Massachusetts is not the only state struggling to limit the dominance of large marijuana companies.
Maryland bars companies from owning more than one store, but several companies have publicly said they have multiple outlets there.
In what seems like an open defiance of the spirit of rules designed to level the playing field, Green Thumb Industries and iAnthus Capital Holdings Inc. both claim three outlets in the state. Wakefield-based Curaleaf Holdings, which already runs a medical marijuana dispensary near Baltimore, said last month that it plans to have three additional stores operating there under its brand.
Meanwhile, Harvest Health and Recreation Inc., a cannabis company with one store in Maryland, unveiled plans to buy Verano Holdings, which has two more.
A Green Thumb attorney told the Baltimore Sun last year that the company believes the Maryland rules only block companies from submitting more than one application for a new license from the state — and doesn’t bar companies from obtaining additional licenses from others. An investor presentation says the company acquired two of its three Maryland licenses.
Also, the current Maryland law only focuses on ownership, in contrast to the broader language in Massachusetts law that also limits the number of stores companies can “control.” The Maryland focus on ownership has allowed firms to argue they are legally permitted to operate additional stores if they run under management agreements. An iAnthus spokesman said the company runs all three of its stores in Maryland, but does not own them.
In December, the Maryland Medical Cannabis Commission expressed concern about a “proliferation” of management agreements, saying it had objected to at least a half-dozen that appeared to skirt regulations. But the commission announced in January it will wait for guidance from the state’s Legislature before acting.
Los Angeles attorney Barry Weisz said there is much ambiguity in state and local restrictions nationwide, because the rules are so new and generally haven’t been tested in court.
Weisz, a partner in Thompson Coburn’s Los Angeles office and founder of the firm’s cannabis practice, predicted the laws will be refined in the next few years, eliminating confusion about limits. But in the meantime, companies will continue to test the limits.
“It’s like the wild, wild west,” he said.
The issue is playing out on the local governmental level, too.
In the New York state market, MedMen recently announced plans to buy another multistate marijuana operator, PharmaCann, which would give MedMen control of eight stores in New York if regulators approve the deal. Each company currently operates four stores in New York, the maximum permitted.
A MedMen executive said they are transparent in their dealings, and work to be in compliance.

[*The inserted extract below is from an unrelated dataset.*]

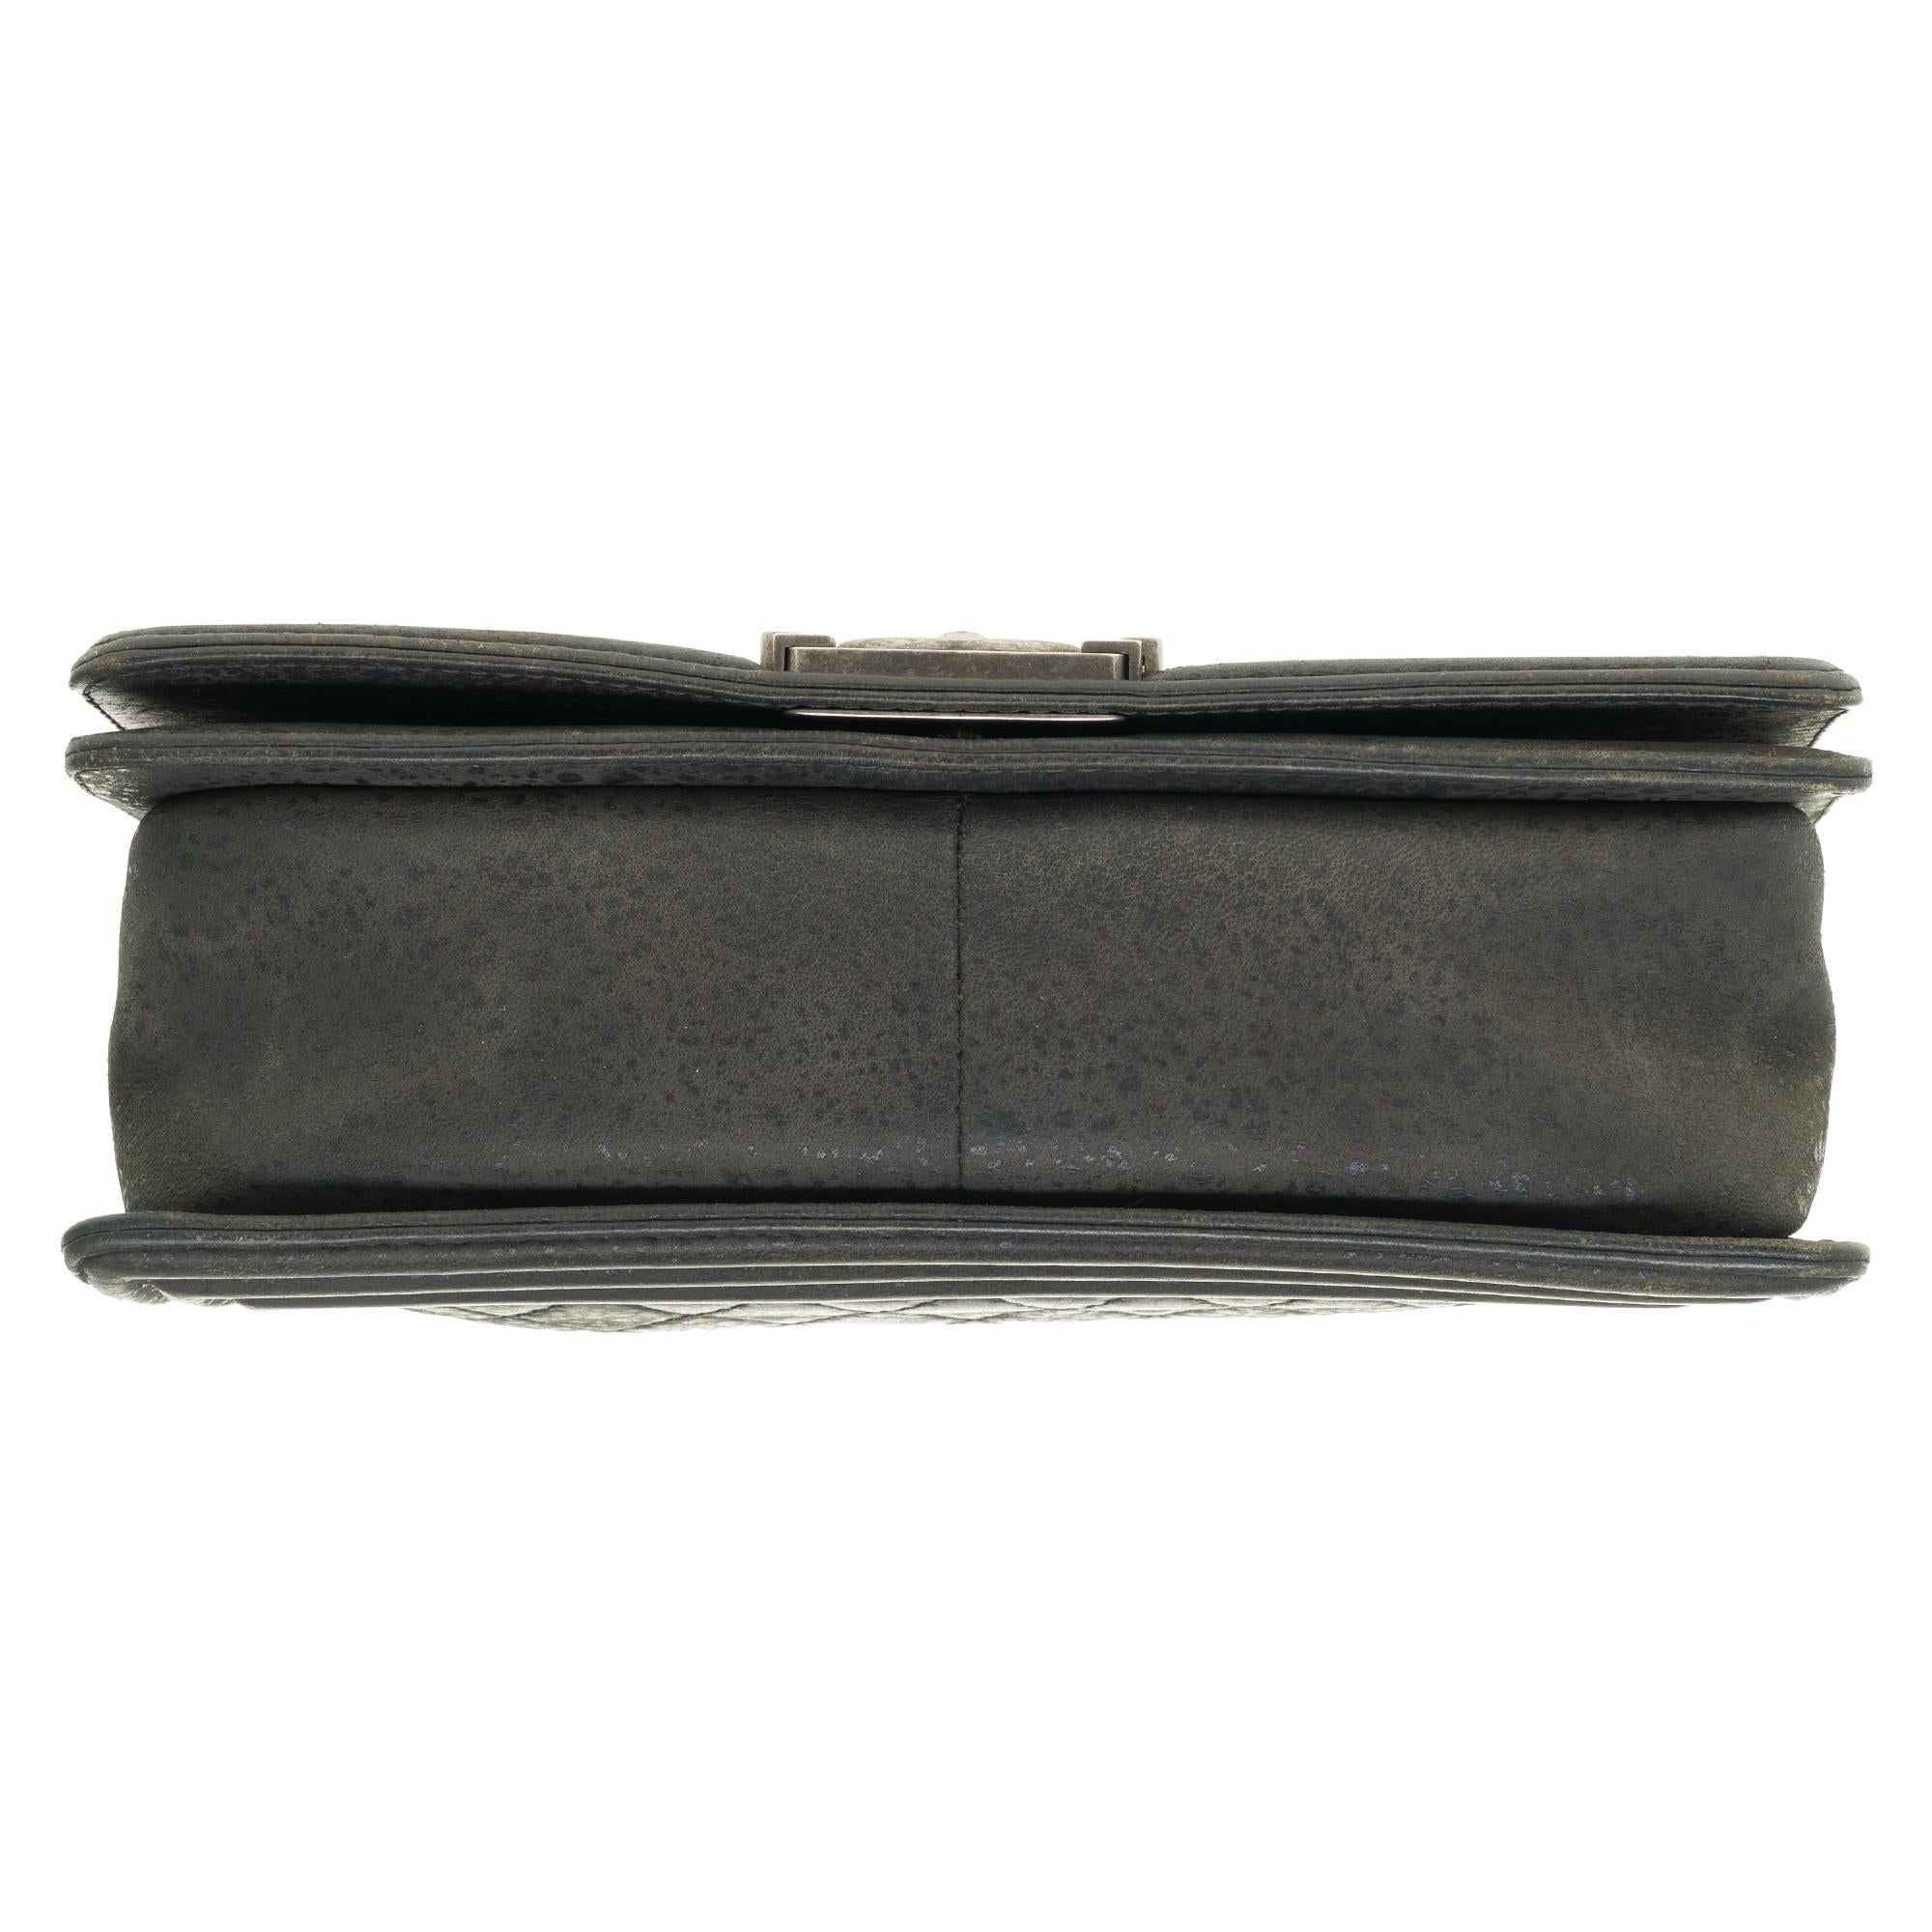 Chanel Boy Old medium(25cm) shoulder bag in grey aged quilted leather, SHW ! 4

In another method of monitoring companies, Colorado bars publicly traded companies from investing in licensed marijuana businesses there at all.
But MJardin Group, whose stock trades publicly, told investors it operates seven stores in Colorado under the name Buddy Boy. A spokesman for MJardin said a separate entity actually holds the licenses, even though MJardin operates the businesses.
Marijuana companies also have tried to thwart caps in another state.
Earlier this year, Trulieve Cannabis persuaded a Florida judge to strike down state rules capping the number of dispensaries each company can own there. The state has appealed the court ruling, but the cap is slated to expire next year.